Segment Open

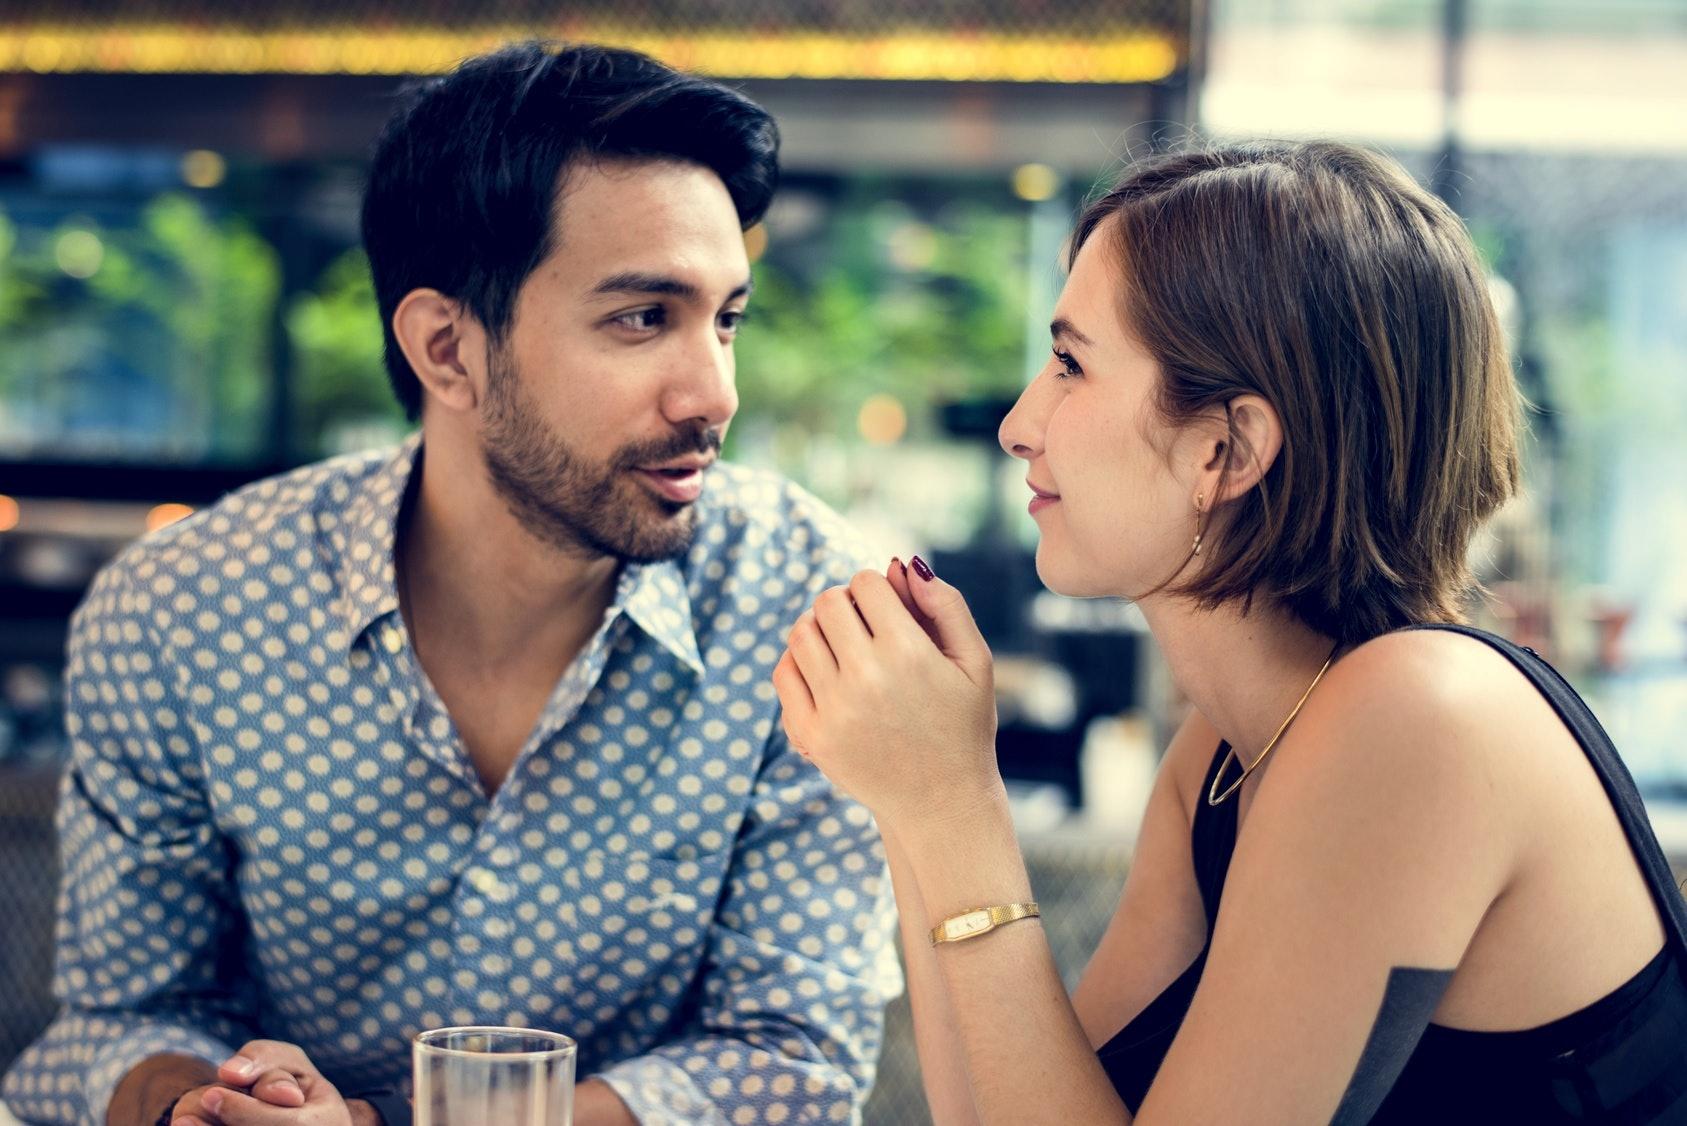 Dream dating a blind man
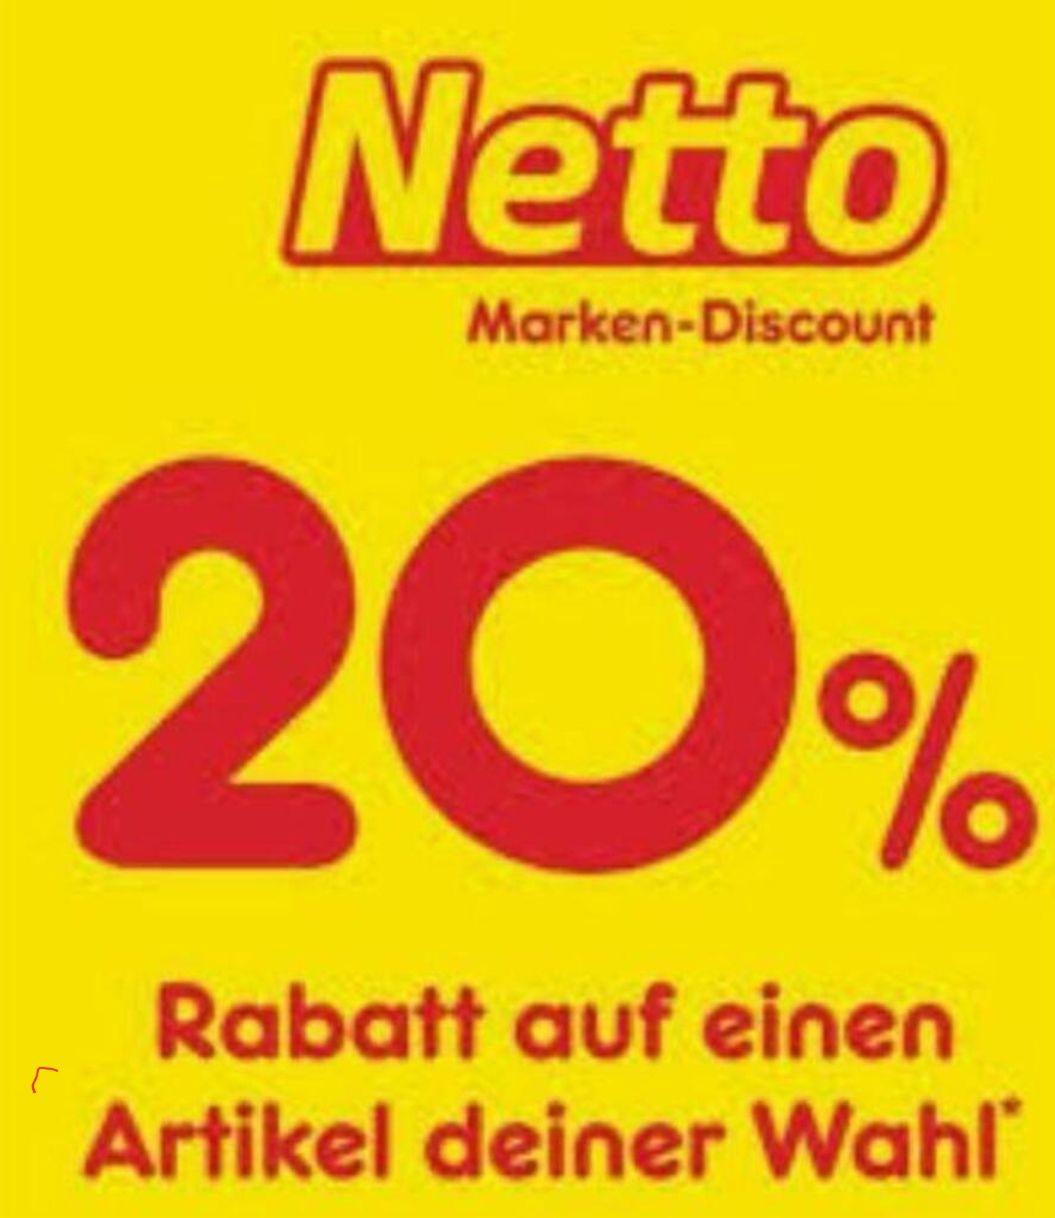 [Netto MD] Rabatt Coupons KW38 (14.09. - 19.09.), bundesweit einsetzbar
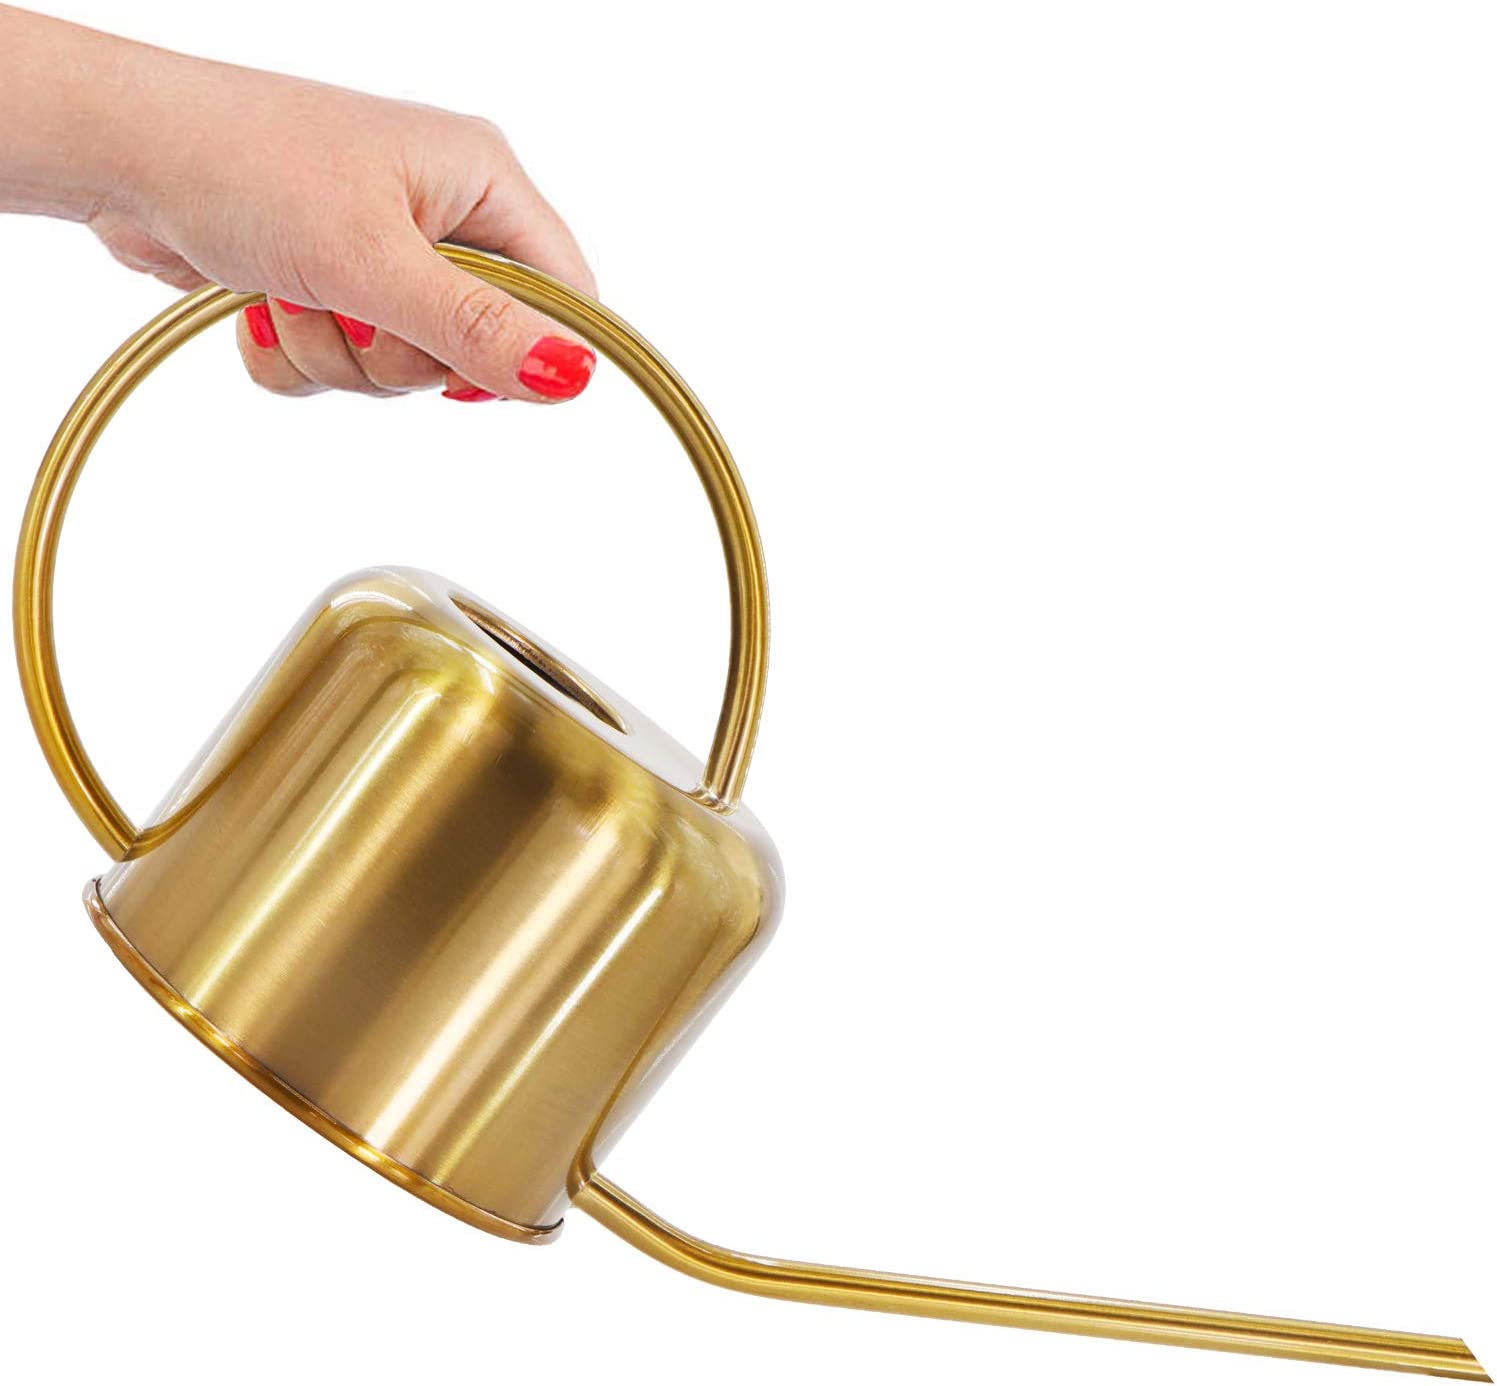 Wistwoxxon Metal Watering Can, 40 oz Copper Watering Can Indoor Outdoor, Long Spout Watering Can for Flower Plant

Segment Closed

WHAT THE EXERCISE ASKS: Would you set down, word for word, the lines running from the one that contains "[Netto MD] Rabatt" to the last line of the material, omitting all pictures?

THE COMPLETED TASK:
 [Netto MD] Rabatt Coupons KW38 (14.09. - 19.09.), bundesweit einsetzbar
 Wistwoxxon Metal Watering Can, 40 oz Copper Watering Can Indoor Outdoor, Long Spout Watering Can for Flower Plant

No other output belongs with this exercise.